--- Data ---

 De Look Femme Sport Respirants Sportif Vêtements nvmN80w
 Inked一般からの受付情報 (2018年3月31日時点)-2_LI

---
--- Data ---

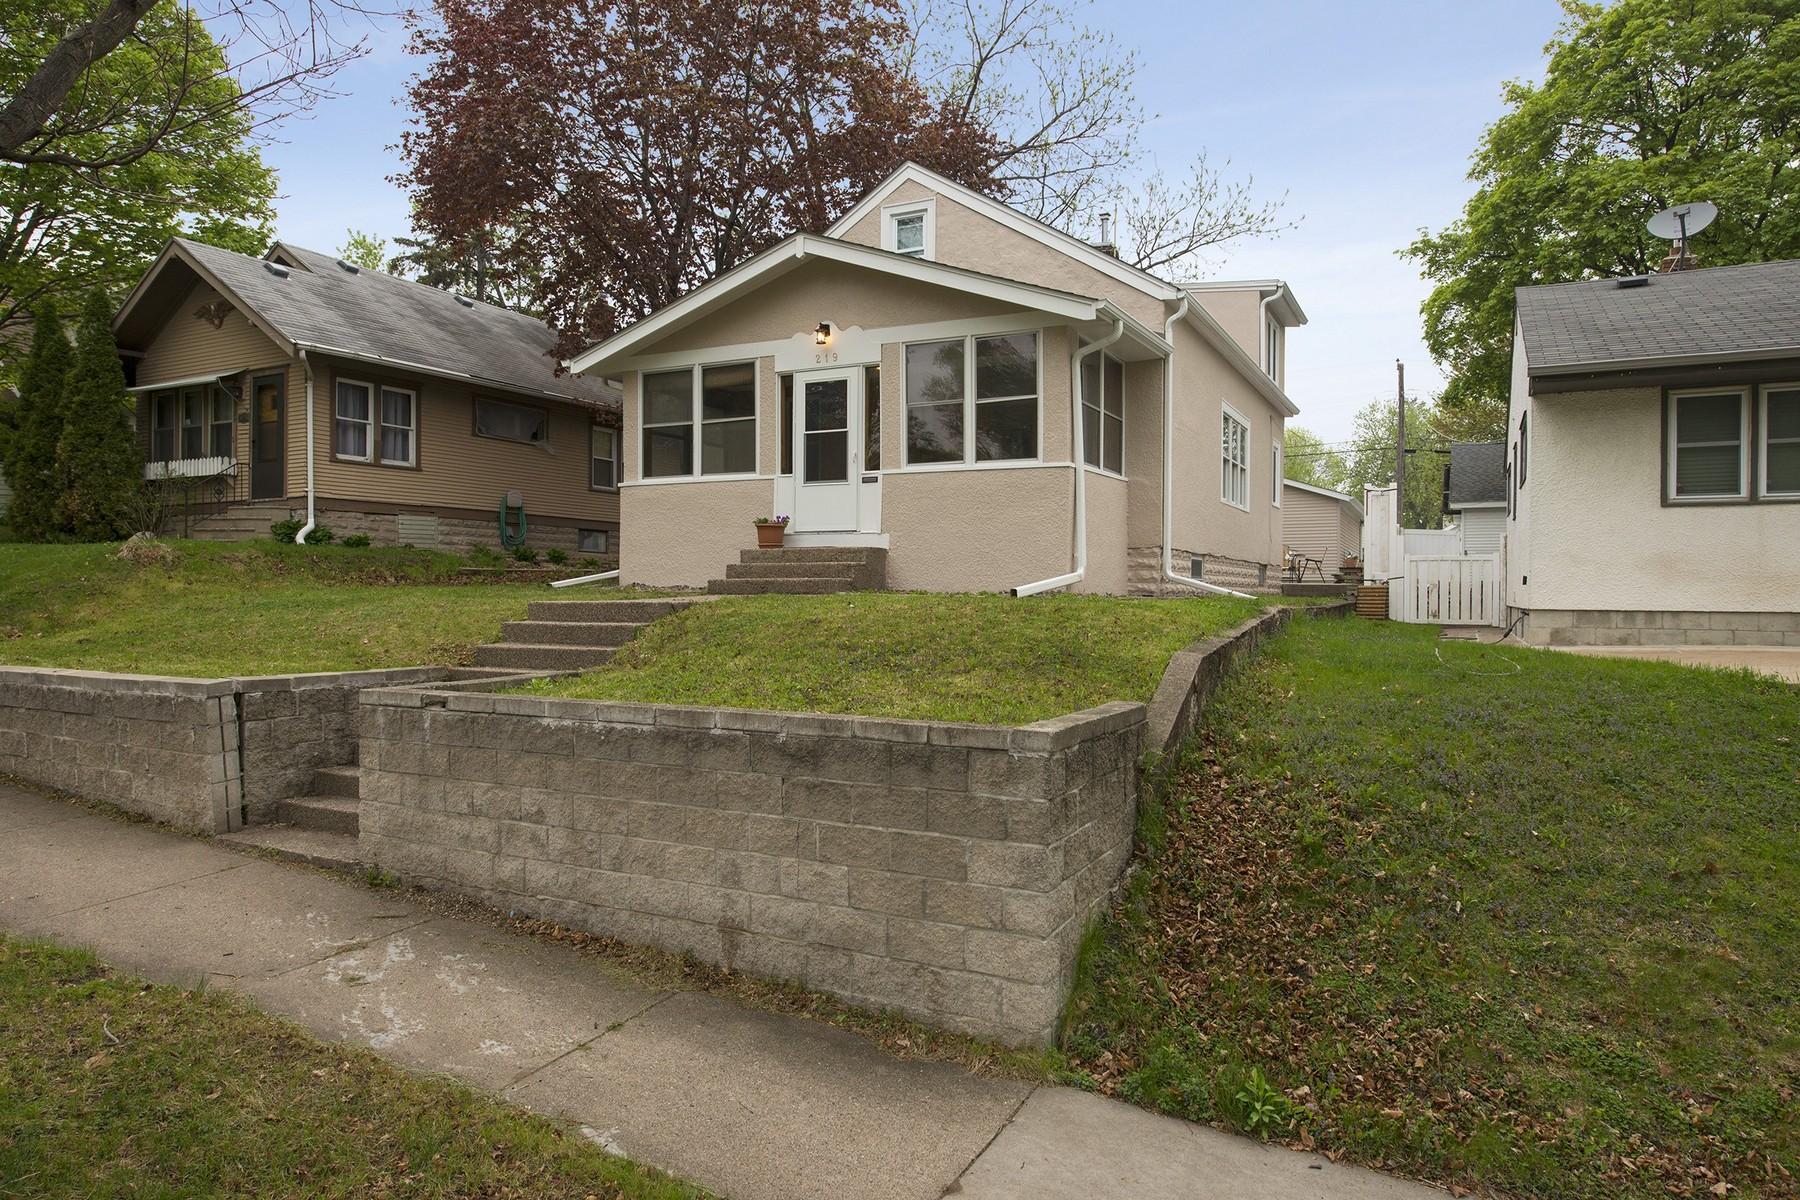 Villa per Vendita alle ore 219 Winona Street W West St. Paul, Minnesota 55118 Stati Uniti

---
--- Data ---

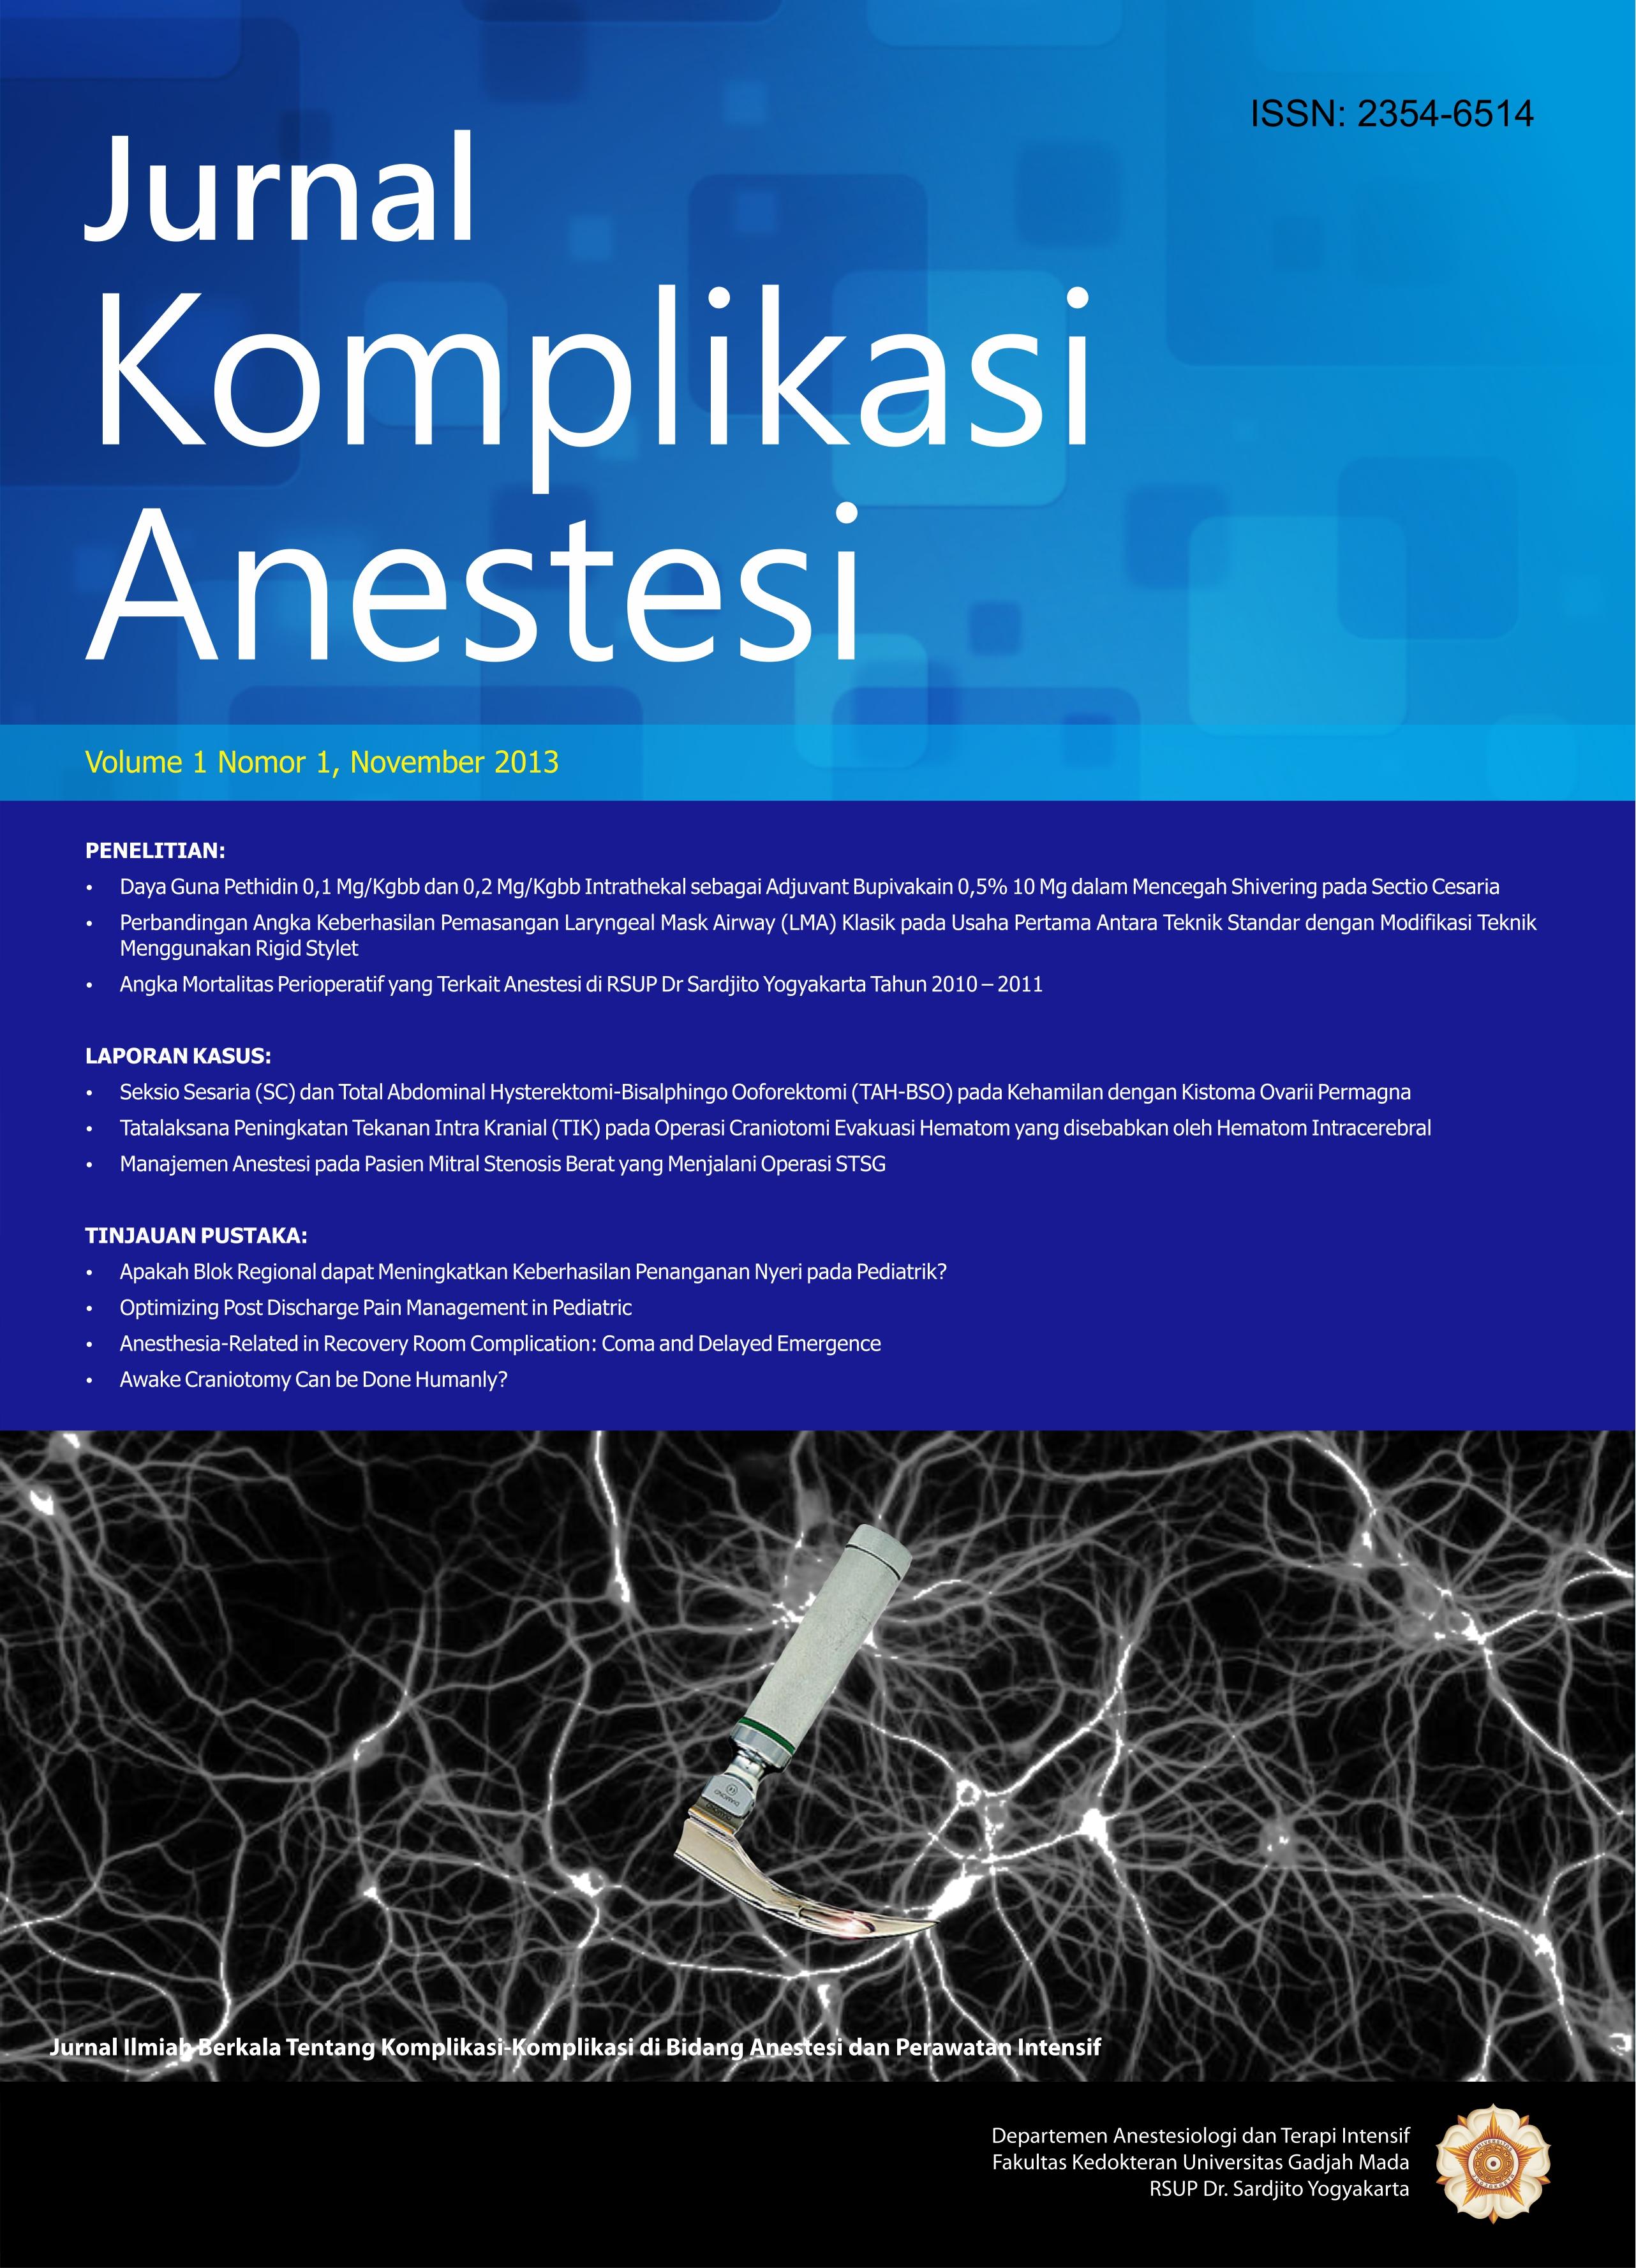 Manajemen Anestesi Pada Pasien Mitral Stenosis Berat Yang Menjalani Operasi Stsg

---

■ How to complete this task:
All that is needed is the exact run of lines above from the line containing "De Look Femme" through the line containing "Inked一般からの受付情報 (2018年3月31日時点)-2_LI", both of them included.

■ Exercise answer:
 De Look Femme Sport Respirants Sportif Vêtements nvmN80w
 Inked一般からの受付情報 (2018年3月31日時点)-2_LI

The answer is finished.